Imaginez la scène : votre équipe nationale remporte un tournoi majeur après des années d’attente. L’euphorie est à son comble chez les supporters. Mais pendant ce temps, la valeur du fan token officiel de l’équipe, dans lequel beaucoup ont investi, s’effondre inexorablement. C’est le scénario vécu par les fans de l’Espagne et de l’Argentine ces derniers jours, soulevant une question brûlante : est-il temps d’interdire ces cryptomonnaies à haut risque liées au football ?
Le grand plongeon des fan tokens espagnol et argentin
Avec sa victoire éclatante contre l’Angleterre à l’Euro 2024, l’Espagne pensait avoir touché le jackpot. Les espoirs étaient immenses pour le Spain National Football Token (SNFT), qui avait grimpé jusqu’à 0,039 $ dans la fébulité d’avant-match.

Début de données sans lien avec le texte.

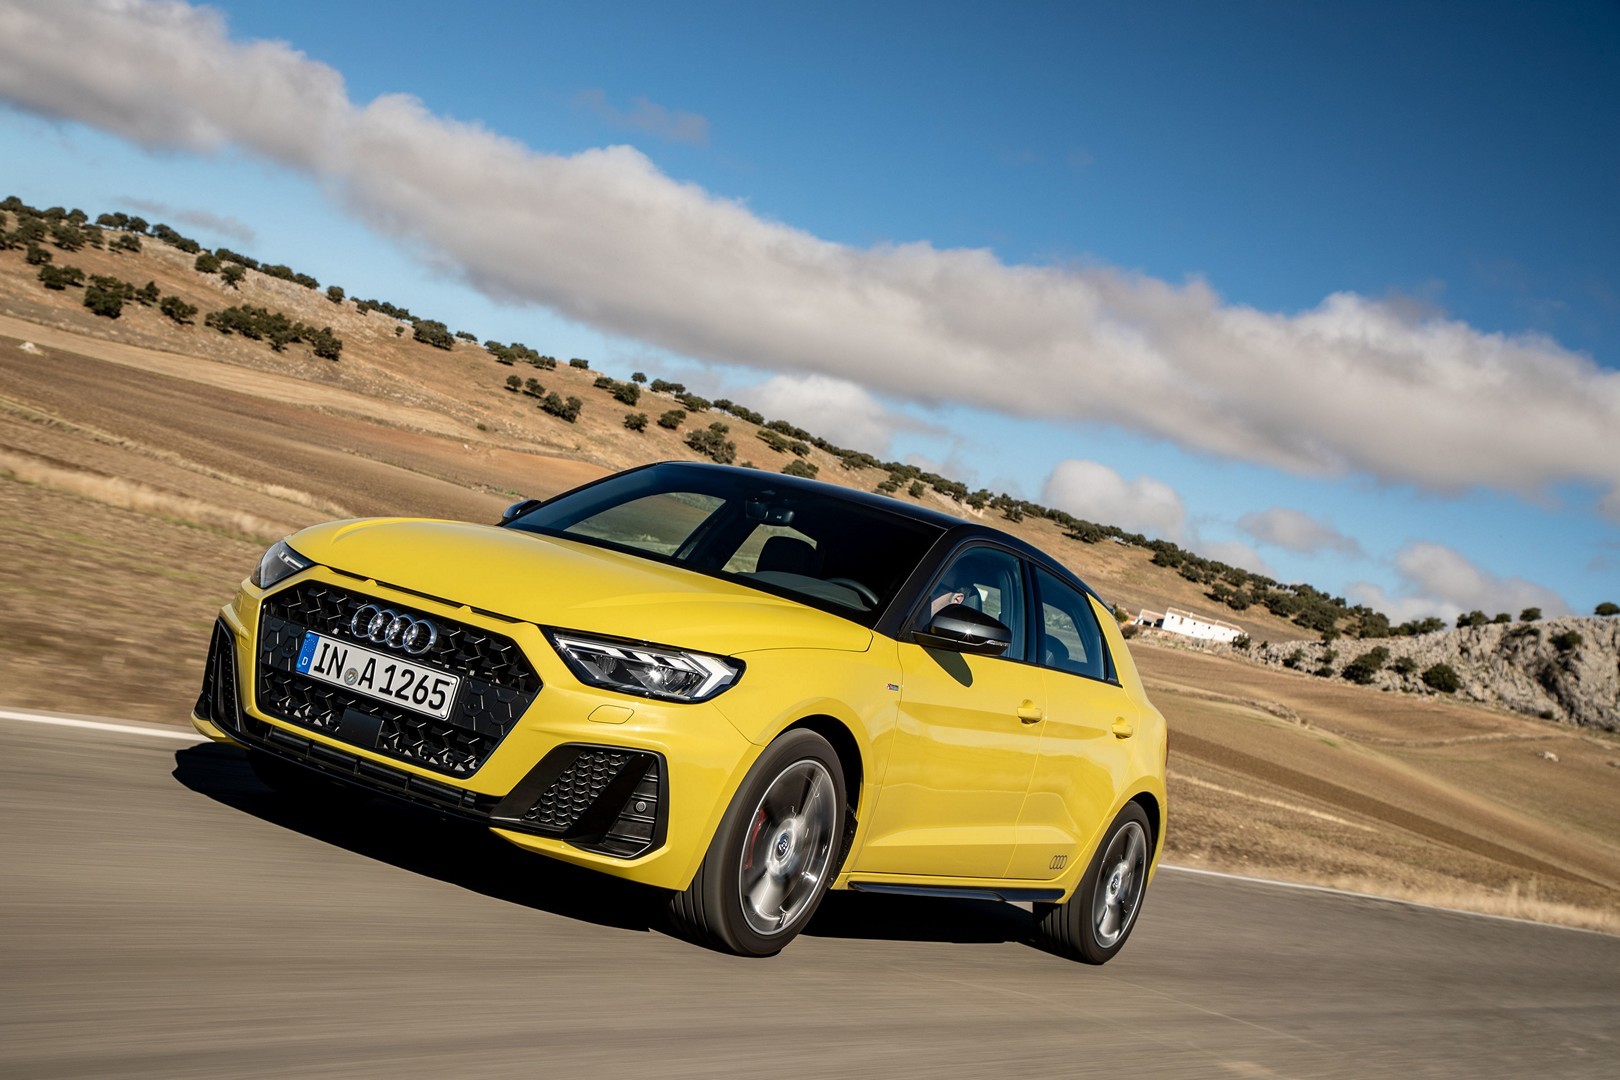 New Audi A1 Priced In The UK From 18,540 GBP - autoevolution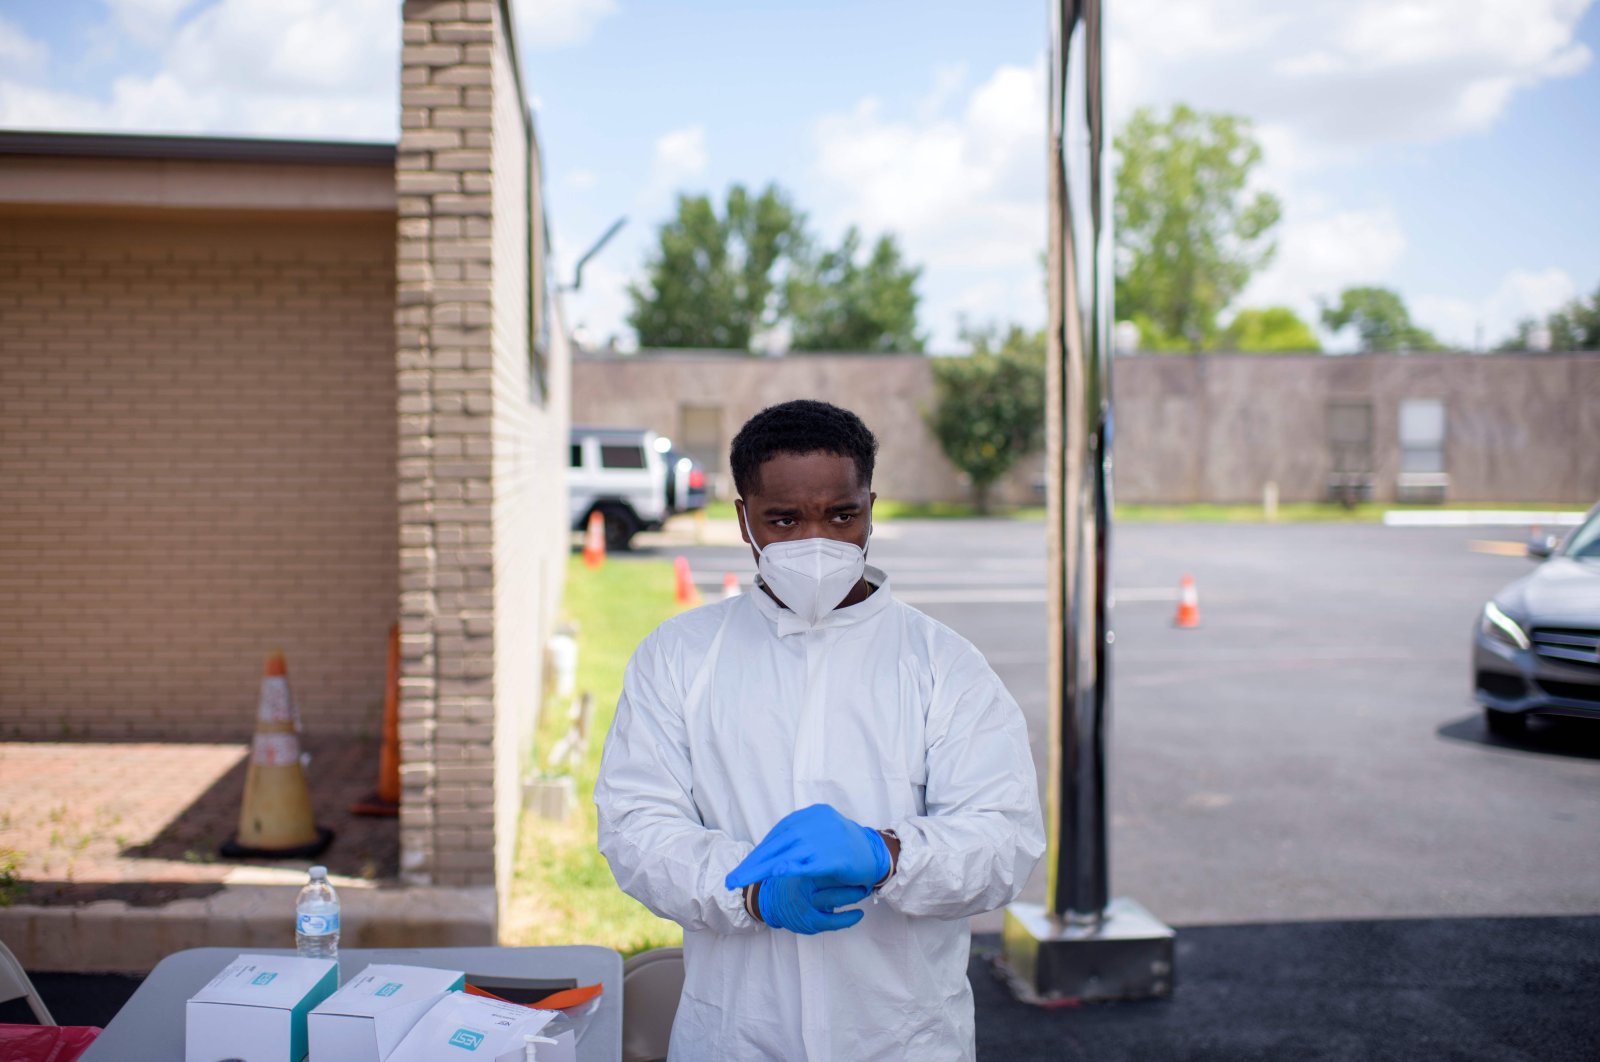 A healthcare worker puts on additional personal protective equipment at a COVID-19 testing site at United Memorial Medical Center in Houston, Texas, on July 9, 2020. (AFP Photo)

Mais dans les trois jours qui ont suivi le sacre, c’est la douche froide : une chute vertigineuse de 43,5%, reléguant le token à un plus bas de 0,022 $. Le constat est encore plus amer en prenant du recul. Depuis son record de 0,86 $ en septembre 2022, le SNFT a perdu 97,4% de sa valeur. Une débâcle.
Le fan token de l’Argentine, pourtant vainqueur de la Copa América contre la Colombie, n’a pas été épargné. Malgré un pic avant la finale, l’ARG a dévissé de près de 50% en l’espace d’une semaine. Un scénario similaire pour les autres poids lourds du foot : les tokens du PSG, du FC Barcelone et de Manchester City ont tous perdu plus de 90% depuis leurs plus hauts historiques. Les initiatives des clubs pour surfer sur la vague crypto semblent se retourner contre eux et leurs supporters.
Des stars comme caution
Ce qui interpelle dans ces lancements de fan tokens, c’est l’implication des stars adulées par les fans. Quand Lionel Messi a signé au PSG, une partie de son transfert record a été payée en fan tokens du club. Une caution de poids pour des produits financiers complexes et volatils, proposés à un public pas toujours averti. Les conséquences peuvent être désastreuses pour des supporters qui investissent par passion, sans mesurer les risques.
Des partenariats à gros budget qui se multiplient
Malgré les déconvenues, les géants de la crypto continuent de déverser des millions pour s’associer aux clubs les plus prestigieux. Derniers exemples en date : Kraken avec Tottenham et l’Atlético Madrid. L’objectif affiché est “d’éduquer les fans sur la crypto”. Mais pour beaucoup, il s’agit surtout d’une façon détournée de les pousser à spéculer sur des actifs à haut risque, en jouant sur leur fibre passionnelle.
Le Royaume-Uni veut siffler la fin de la partie
- Rapport parlementaire d’octobre 2022 demandant l’interdiction des fan tokens
- Inquiétudes sur l’extraction d’argent auprès de supporters loyaux
- Remise en cause des prétendus “privilèges” offerts par les tokens
Face au raz-de-marée des fan tokens, des voix s’élèvent pour réclamer leur interdiction pure et simple. C’est le cas au Royaume-Uni, où un rapport parlementaire d’octobre dernier a tiré à boulets rouges sur ces “stratagèmes pour soutirer de l’argent aux supporters”. Bénéfices inexistants, promesses non tenues, les membres du parlement n’y sont pas allés de main morte. Rien qu’un “gadget” pour voter sur la musique d’avant-match, dénoncent les associations de supporters.
Engouement ou manipulation ?
De leur côté, les entreprises à l’origine des fan tokens, comme Socios, assurent qu’il s’agit d’un formidable outil d’engagement des fans. Avec à la clé des places VIP et des produits dérivés à gogo. Mais à quel prix ? Celui de pertes financières pour les supporters les plus fervents, ceux-là même que les clubs devraient chérir et protéger ?
À l’heure où le football cherche à renouer avec ses racines populaires et à assainir son image, la question des fan tokens reste un sujet brûlant. Entre volonté d’innovation et miroir aux alouettes, la frontière est souvent bien mince. Une chose est sûre : l’amour du maillot ne devrait pas se monnayer en cryptomonnaies. Les instances du football seront-elles à la hauteur de l’enjeu ? L’avenir nous le dira.